The question hangs unanswered in the air, and contains an undefined further question about the validity of the projects themselves: what is their value if the Canadian public doesn’t want to buy them yet? So much avant-garde art never pays until its producers are dead, but in the design world, if something is good, it sells. Period. Attractiveness to consumers is a measure of success. “But at the same time,” continues Serrano, “well, someone’s got to be doing this stuff!” And someone will, whether the Media Lab fosters the work now, or the interactive language evolves on its own in the wild. Overall, in Ana’s words, “successful residents are the ones who understand the need to educate their audiences and clients in why they need to invest in them.”

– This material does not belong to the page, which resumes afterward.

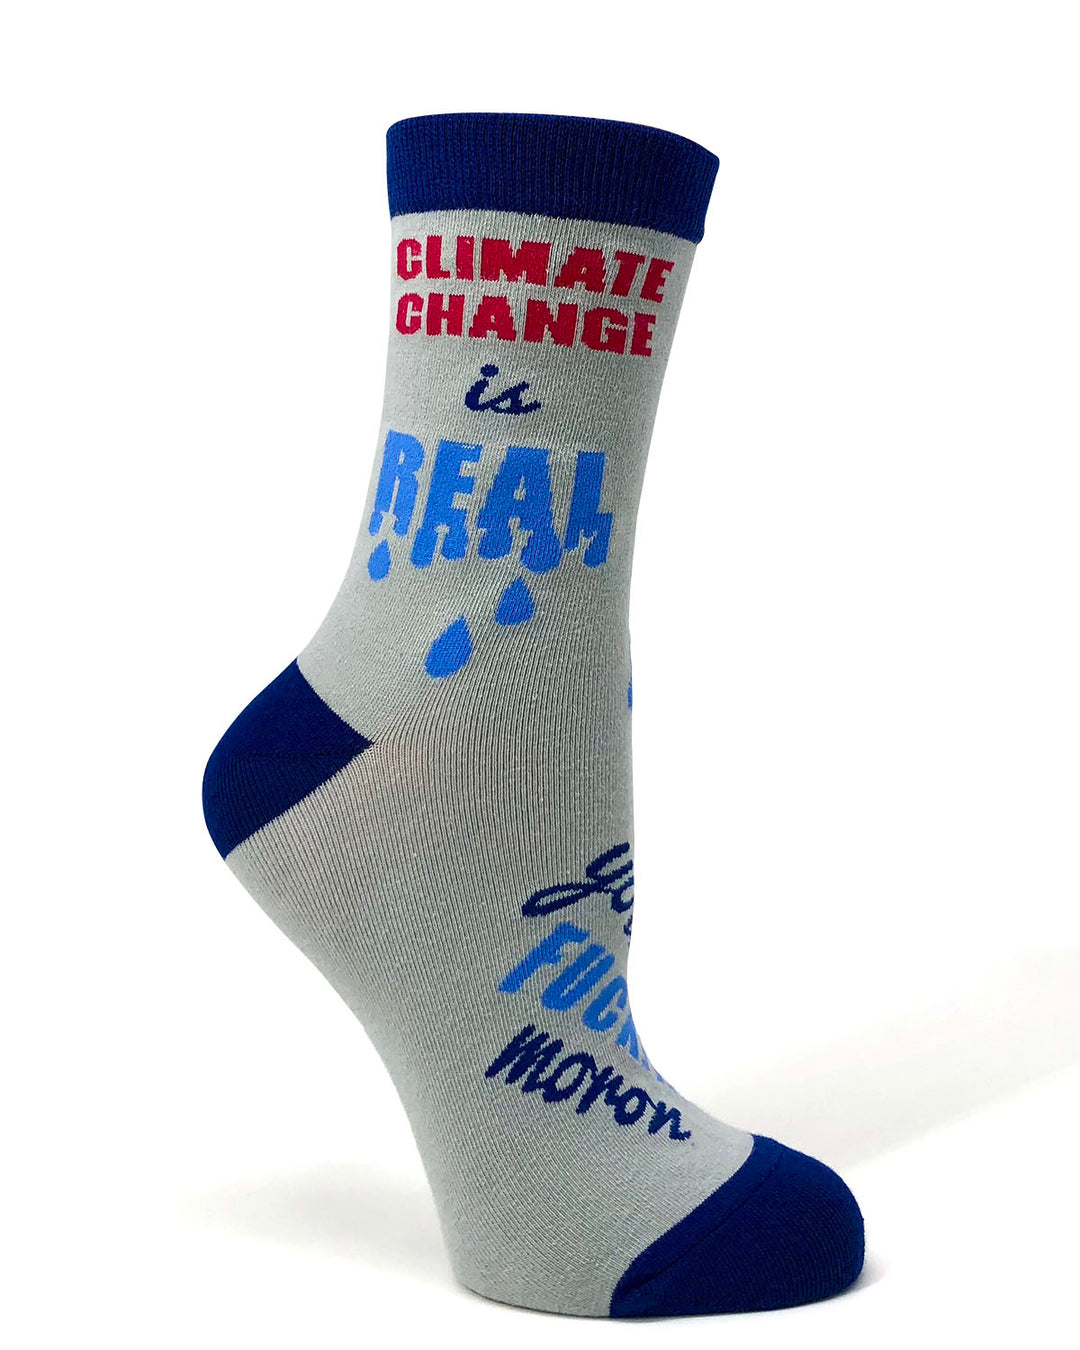 Climate Change is Real Ladies' Crew Socks

With its training wing established, the Media Lab turned its sights on interactive cinema, which had always hovered as an ambition in its peripheral vision. Previously the objective had been unrealistic because of the turbulence in audiovisual platforms. The Centre only wanted to undertake a project that would have a potential revenue model, a condition made impossible without a marketable delivery platform. Once DVD became the mainstream video technology of choice, that concern was eliminated and the Interactive Narrative Feature Program (INFP) could begin in earnest.

Due to the Media Lab’s self-conscious obsession with collaboration, the screenplay of North America’s first interactive film Late Fragment went through an unlikely gestation. The project had received a major grant for an application that promised a film produced by three writer/director teams, whom Serrano thought would be able to write the central story together. When the first group hired by Serrano disintegrated, she realized that she needed to construct a process that could make the delicate task of collective authorship possible. The heart of the project solidified when Serrano learned about Restorative Justice, a prison-based rehabilitation method that brings perpetrators and victims of violent crime together for group therapy sessions—a perfect premise of high-stakes interaction for an interactive film. As the film came together she also took on the creative position of “Interactive Architect,” but maintains that the role was mainly synthesizing the group’s own critiques of nine different drafts of the interactive structure. “Ultimately,” she says, “someone had to pin the bits of paper to the wall!” Since a debut at the Toronto International Film Festival last fall, Late Fragment has shown at SXSW (South by South West Festival) in March, and at Cannes in May. Mongrel Media releases the DVD of this collaboration between the NFB and the CFC in June.

Focusing on the need for local engagement in order to bring about change, the next project in development by the INFP will combine a musical drama in the vein of last year’s Irish Once, an open blog, and an online interactive documentary. Far from perpetuating the stereotype of the remote-control gripping basement potato, the CFC’s interactive films aim to inspire viewers to take their voices to the street. This interest in engagement, Serrano maintains, is at the forefront of new media art today. “Back in 1997 we thought interactive meant buttons. Now the design language is fairly mature, so we can begin to go deeper. New media art now is all about cognitive interactivity, about interpretation, and what it means to engage in a meaningful way.”